> **What to do**
In the entries that follow, identify the line containing "Objet déco LED" and return it together with all later lines, exactly as they appear.

> **Saved data entries**

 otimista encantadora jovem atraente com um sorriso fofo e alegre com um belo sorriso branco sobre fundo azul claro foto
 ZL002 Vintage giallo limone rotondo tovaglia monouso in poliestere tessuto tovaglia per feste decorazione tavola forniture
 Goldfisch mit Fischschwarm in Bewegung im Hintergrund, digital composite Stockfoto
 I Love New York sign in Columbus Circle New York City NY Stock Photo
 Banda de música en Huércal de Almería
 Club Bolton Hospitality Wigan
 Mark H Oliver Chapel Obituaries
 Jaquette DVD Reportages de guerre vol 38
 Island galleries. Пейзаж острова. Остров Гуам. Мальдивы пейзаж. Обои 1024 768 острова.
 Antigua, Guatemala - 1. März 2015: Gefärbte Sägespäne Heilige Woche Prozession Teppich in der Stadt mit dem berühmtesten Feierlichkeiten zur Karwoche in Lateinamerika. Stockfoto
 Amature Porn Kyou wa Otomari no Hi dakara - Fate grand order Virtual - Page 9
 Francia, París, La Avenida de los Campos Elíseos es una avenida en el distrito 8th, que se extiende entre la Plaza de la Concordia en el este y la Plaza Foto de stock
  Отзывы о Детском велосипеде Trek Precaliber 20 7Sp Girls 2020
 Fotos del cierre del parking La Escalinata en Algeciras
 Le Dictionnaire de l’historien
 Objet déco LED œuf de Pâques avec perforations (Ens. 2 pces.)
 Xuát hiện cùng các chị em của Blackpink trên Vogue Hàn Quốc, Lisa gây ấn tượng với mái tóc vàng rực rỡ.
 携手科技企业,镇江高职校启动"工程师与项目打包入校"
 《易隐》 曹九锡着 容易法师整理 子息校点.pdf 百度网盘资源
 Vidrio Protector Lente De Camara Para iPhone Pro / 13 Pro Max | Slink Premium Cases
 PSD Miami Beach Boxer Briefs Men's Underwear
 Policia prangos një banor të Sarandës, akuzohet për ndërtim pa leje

> **Your solution**
 Objet déco LED œuf de Pâques avec perforations (Ens. 2 pces.)
 Xuát hiện cùng các chị em của Blackpink trên Vogue Hàn Quốc, Lisa gây ấn tượng với mái tóc vàng rực rỡ.
 携手科技企业,镇江高职校启动"工程师与项目打包入校"
 《易隐》 曹九锡着 容易法师整理 子息校点.pdf 百度网盘资源
 Vidrio Protector Lente De Camara Para iPhone Pro / 13 Pro Max | Slink Premium Cases
 PSD Miami Beach Boxer Briefs Men's Underwear
 Policia prangos një banor të Sarandës, akuzohet për ndërtim pa leje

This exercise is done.